Abstract

Background. Gallstone disease affects over 20 million people in the U.S. and is a major risk factor for gallbladder cancer (GBC). In 1988, a less invasive, low-cost procedure, laparoscopic cholecystectomy (LC), was introduced and became the standard of care for management of gallstones.Methods. GBC incidence (1973-2007) and mortality rates (1969-2006) were calculated using SEER Program data. LC rates (1993-2008) were obtained from NAMCS, NHAMCS, and HCUP. Annual percent change was estimated by gender, age, and race, and the statistical significance was assessed at p < 0.05. Correlation analysis was performed on GBC and LC trends.Results. Since the early 1970s, GBC incidence and mortality rate have declined. Women and older age groups continue to have the highest risk for GBC, despite having greater declines.
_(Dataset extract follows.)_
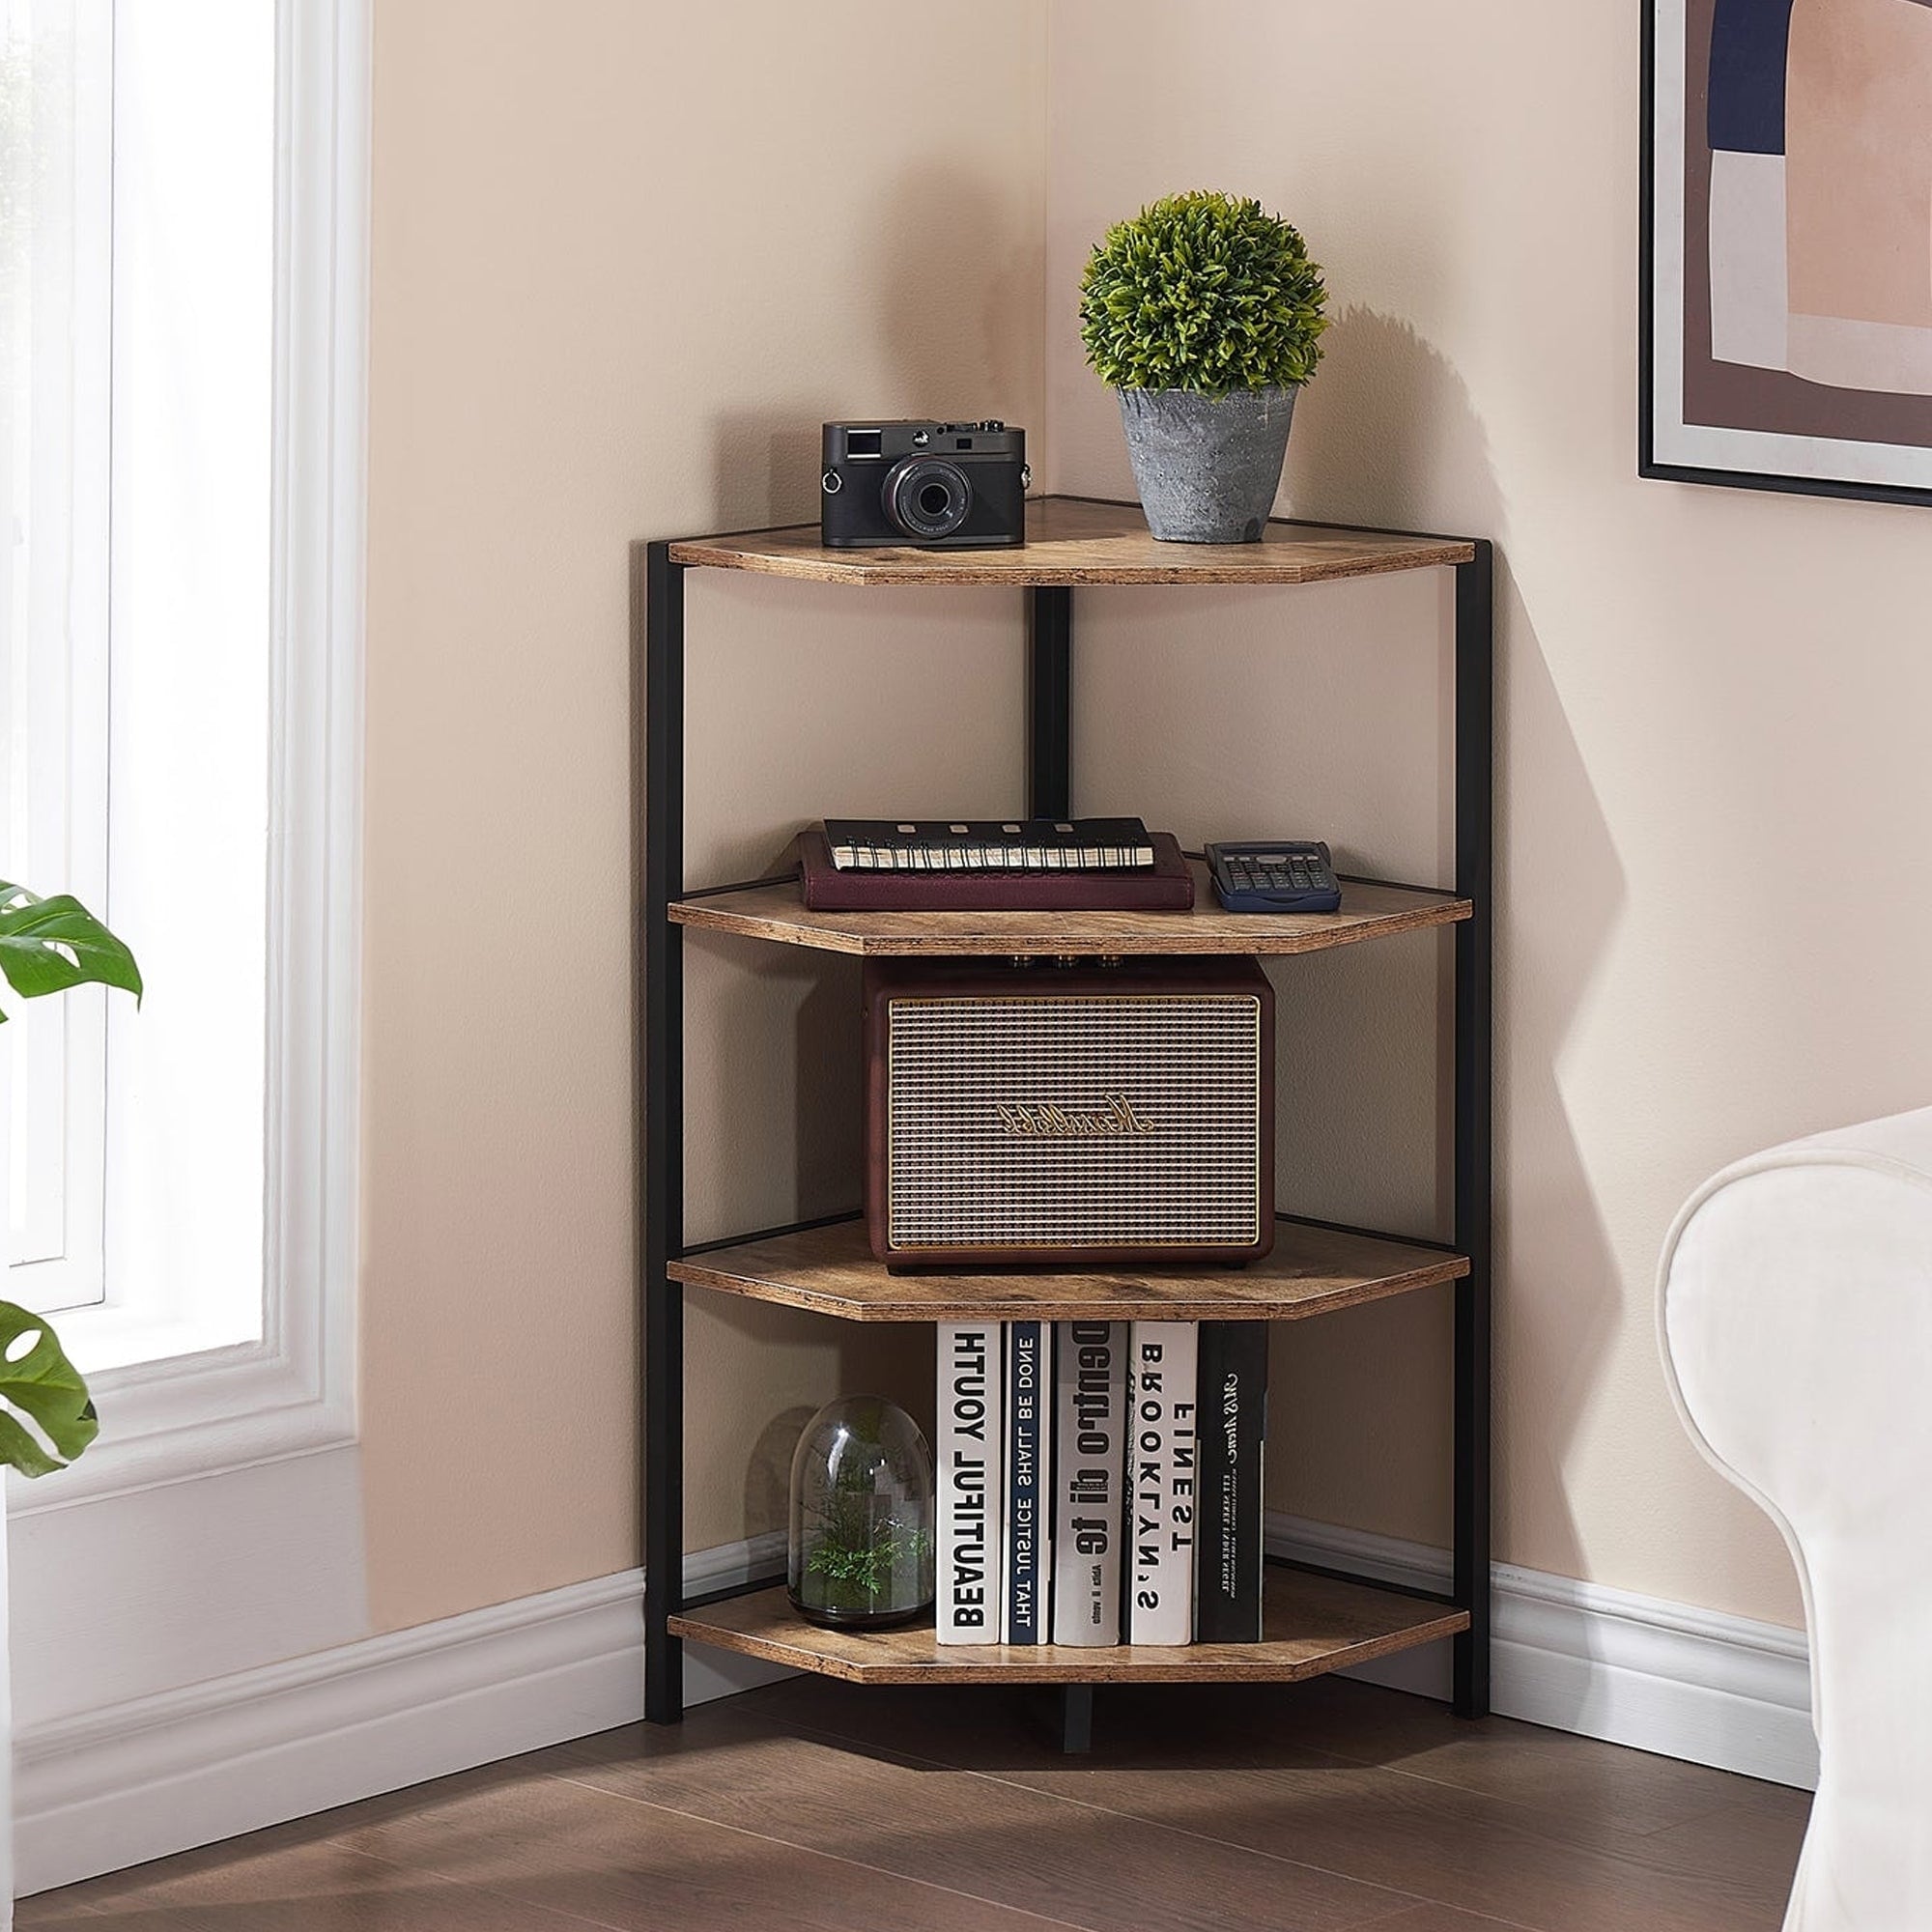 https://ak1.ostkcdn.com/images/products/is/images/direct/d82611d50c10ff59dcdbaef84a69c15b1d8e6378/VECELO-4-Tier-Polygonal-Corner-Shelf-for-Small-Spaces.jpg

Incidence significantly decreased among whites, but did not among blacks. The number of inpatient LC procedures increased by 15% between 1994 and 2008; however, inpatient and outpatient LC rates remained stable. LC rate was not significantly correlated with either GBC incidence or mortality.Conclusions. The decline in incidence and mortality of GBC began decades before the introduction of LC and apparently has stabilized in the past decade. No temporal relationship existed between LC rate and the incidence and mortality rates of GBC. Our study suggests that prevention of a rare tumor may be extremely difficult if the surgical removal of a risk factor is involved.